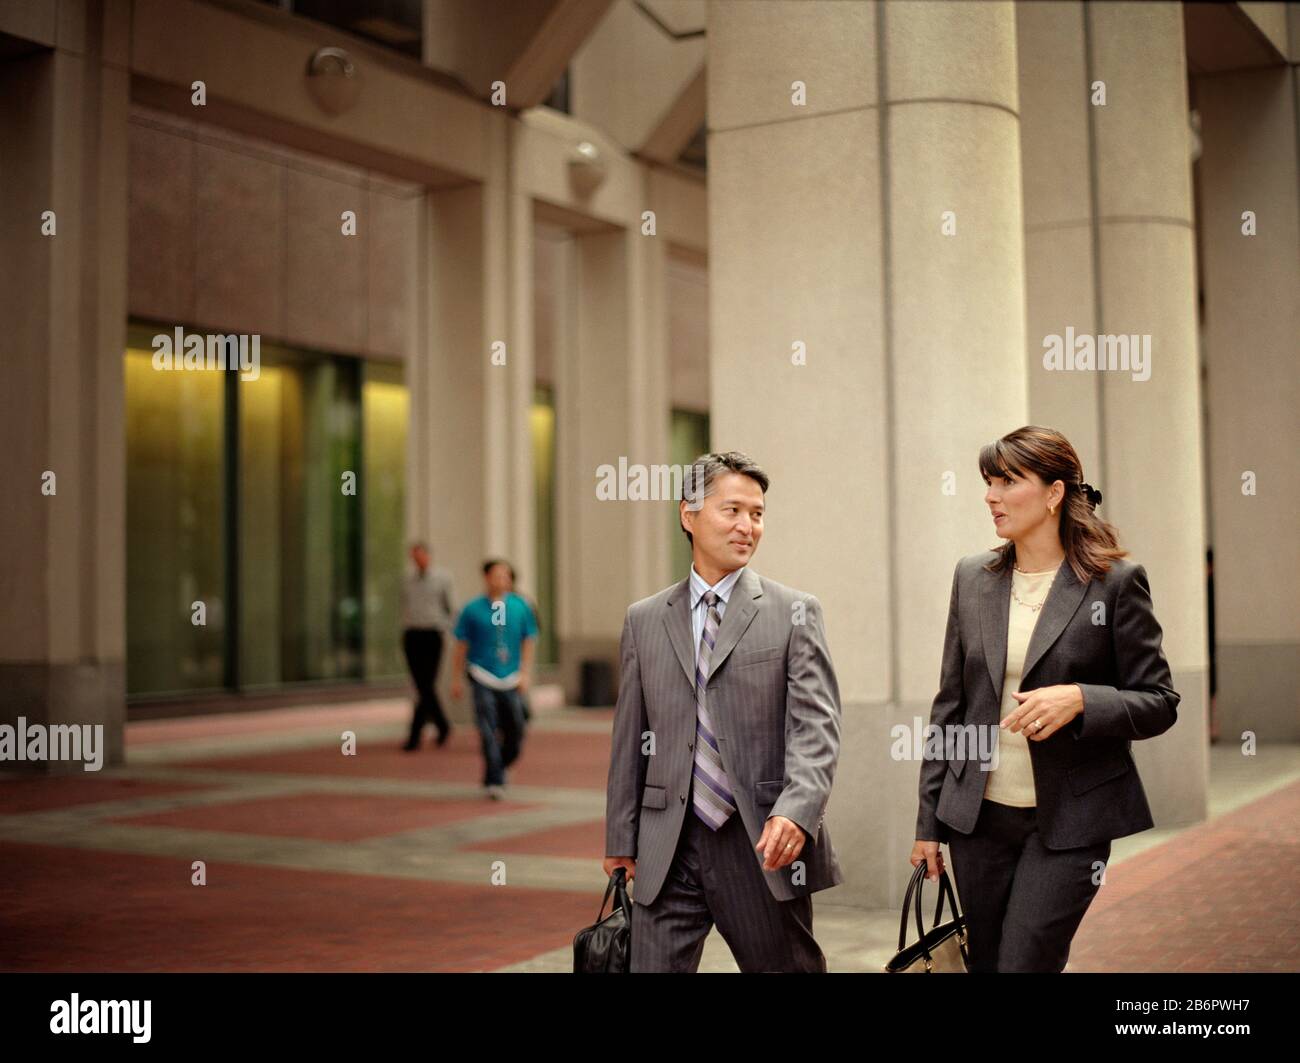 Mid-adult business woman walking on the street with a mid-adult male colleague. Stock Photo
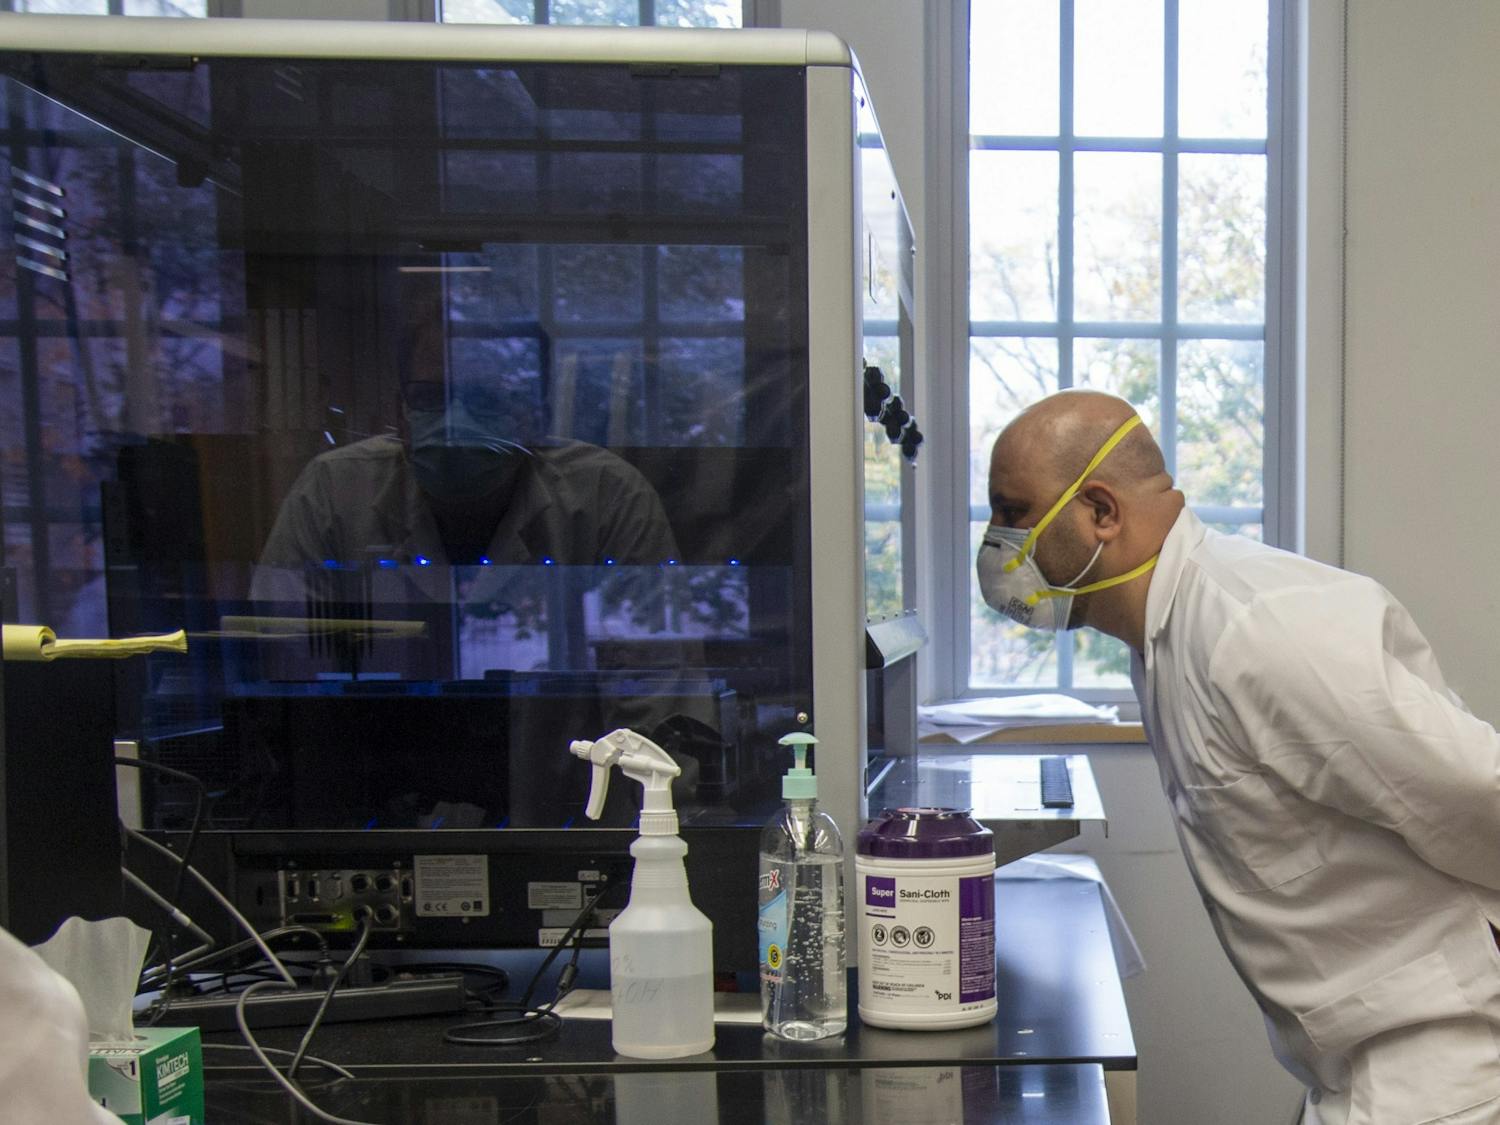 GALLERY: IU's new COVID-19 testing labs give insight into testing process
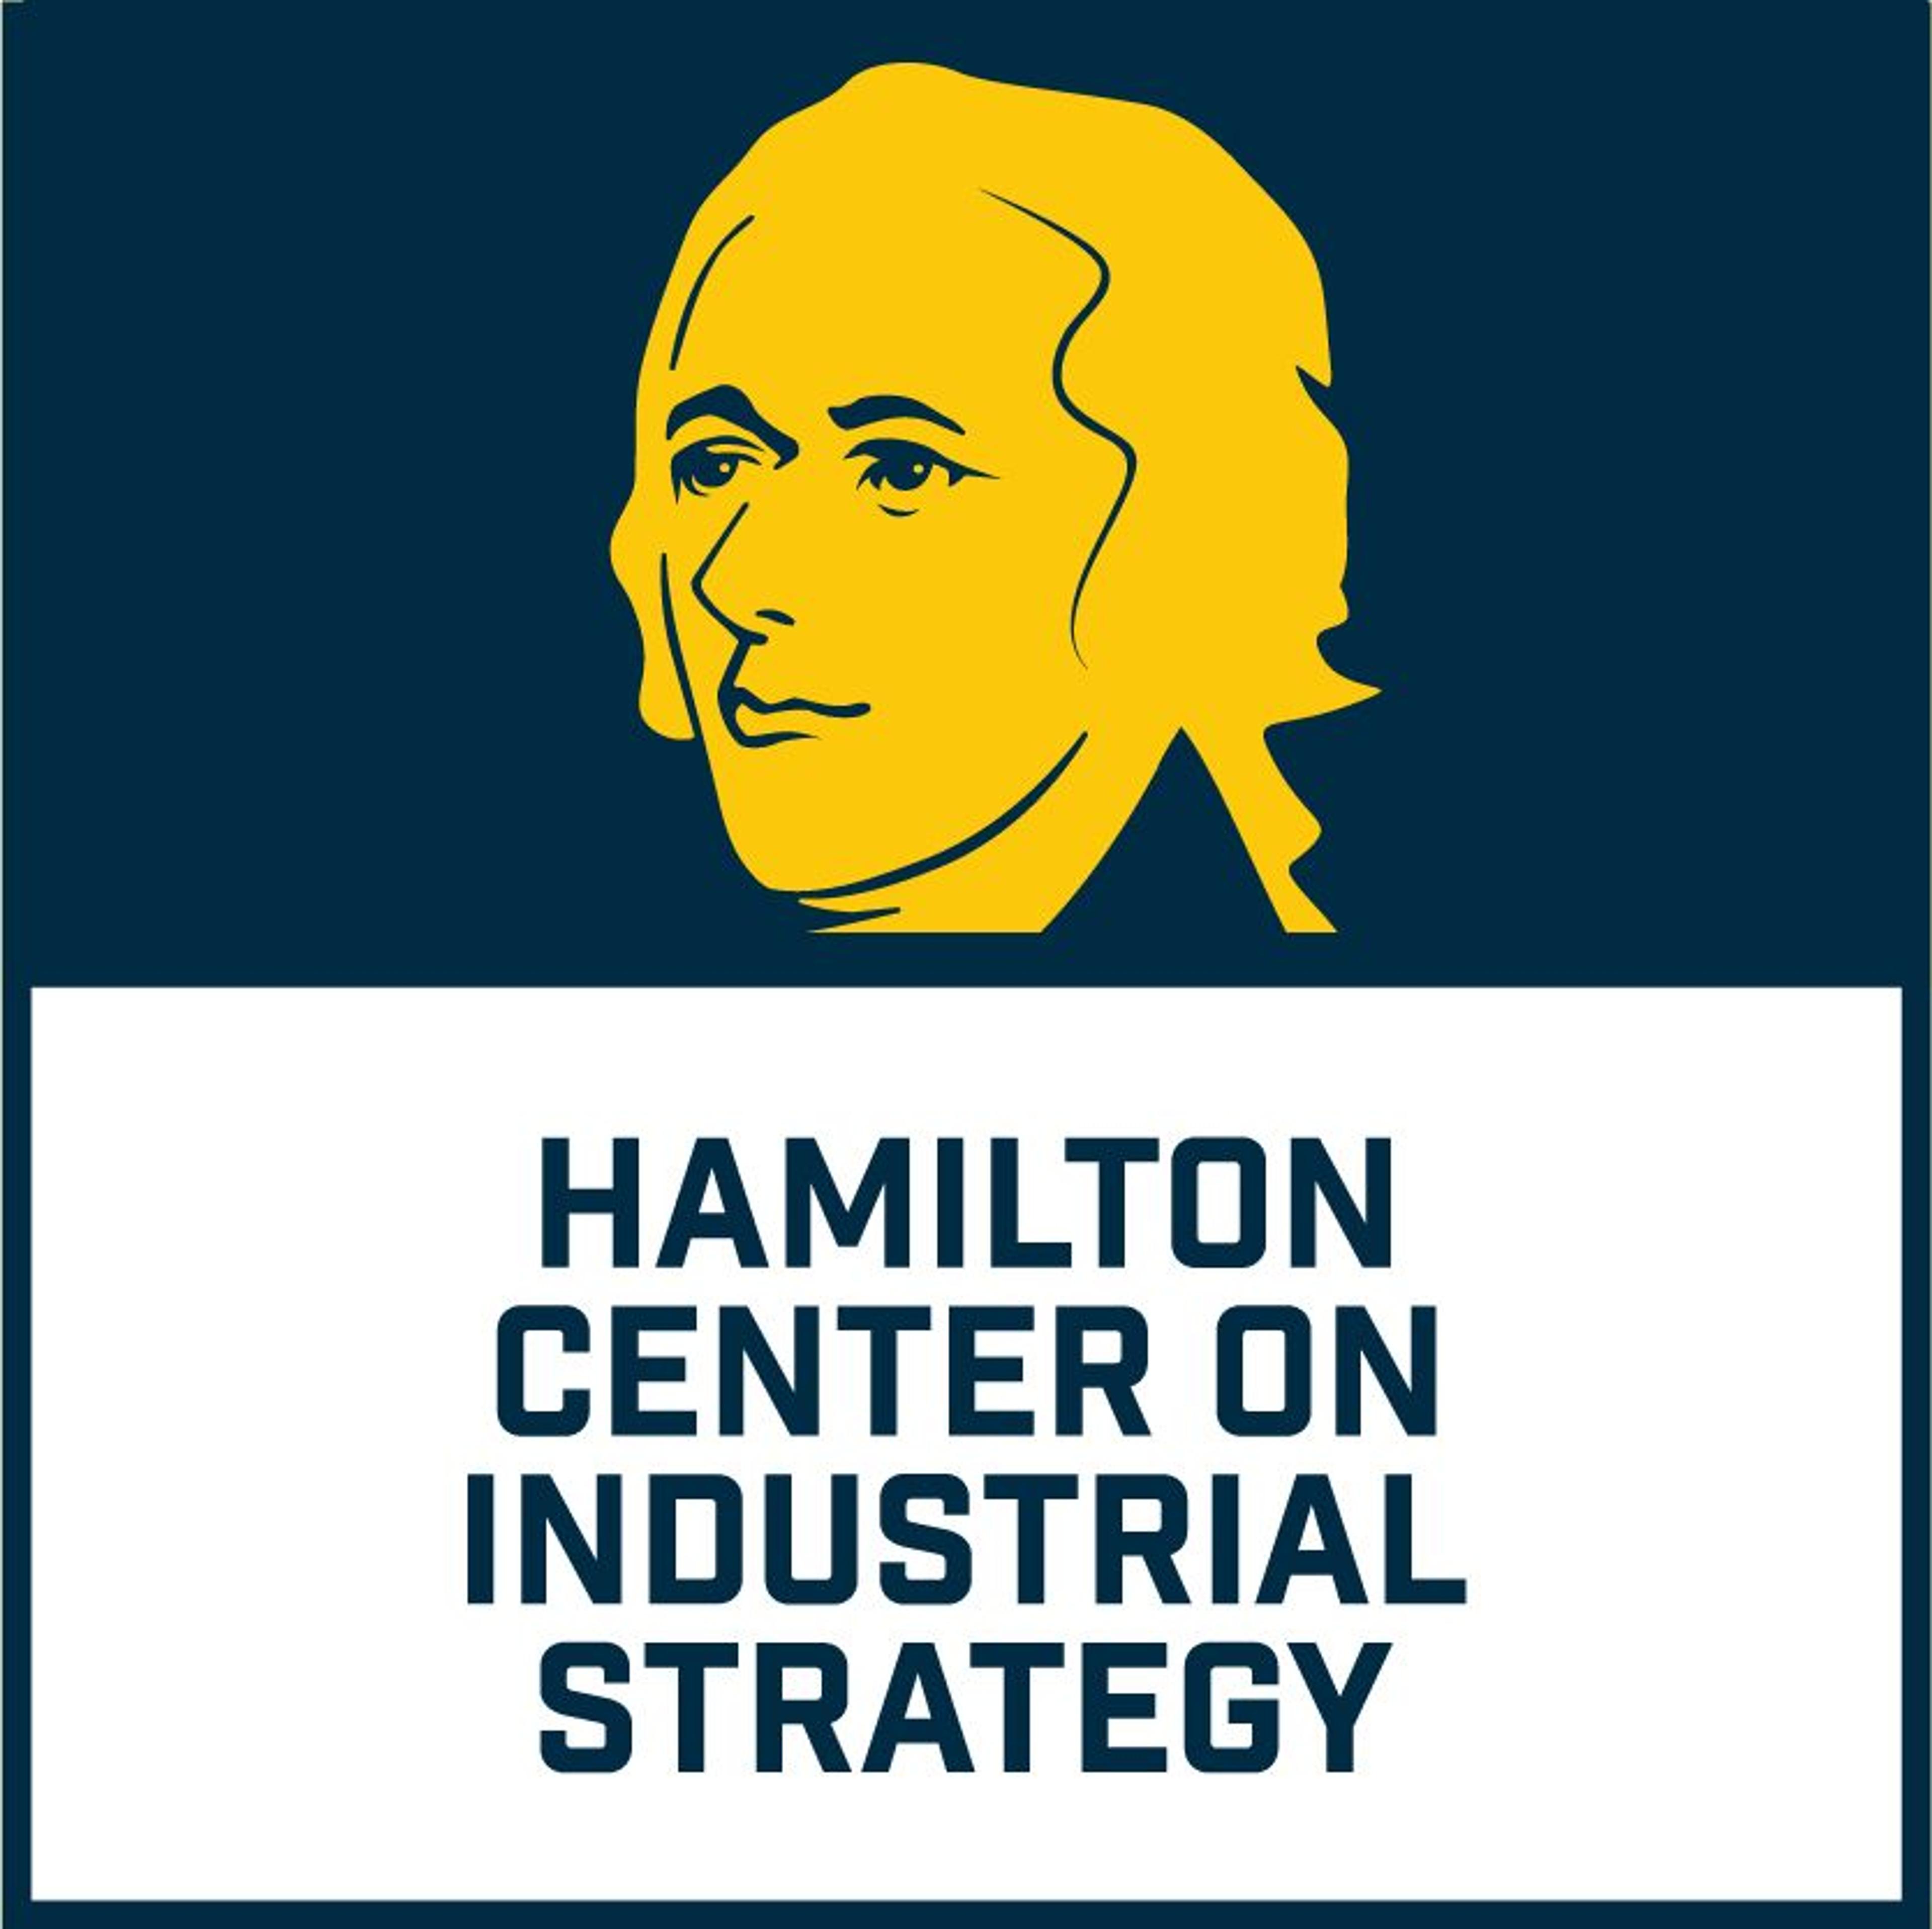 The Hamilton Index: Assessing National Performance in the Competition for Advanced Industries

▶ [TRY IT] Pictures are not part of the copy. Please reproduce the material word for word.

▶ [TASK RESPONSE]
 Mid-adult business woman walking on the street with a mid-adult male colleague. Stock Photo
 GALLERY: IU's new COVID-19 testing labs give insight into testing process
 The Hamilton Index: Assessing National Performance in the Competition for Advanced Industries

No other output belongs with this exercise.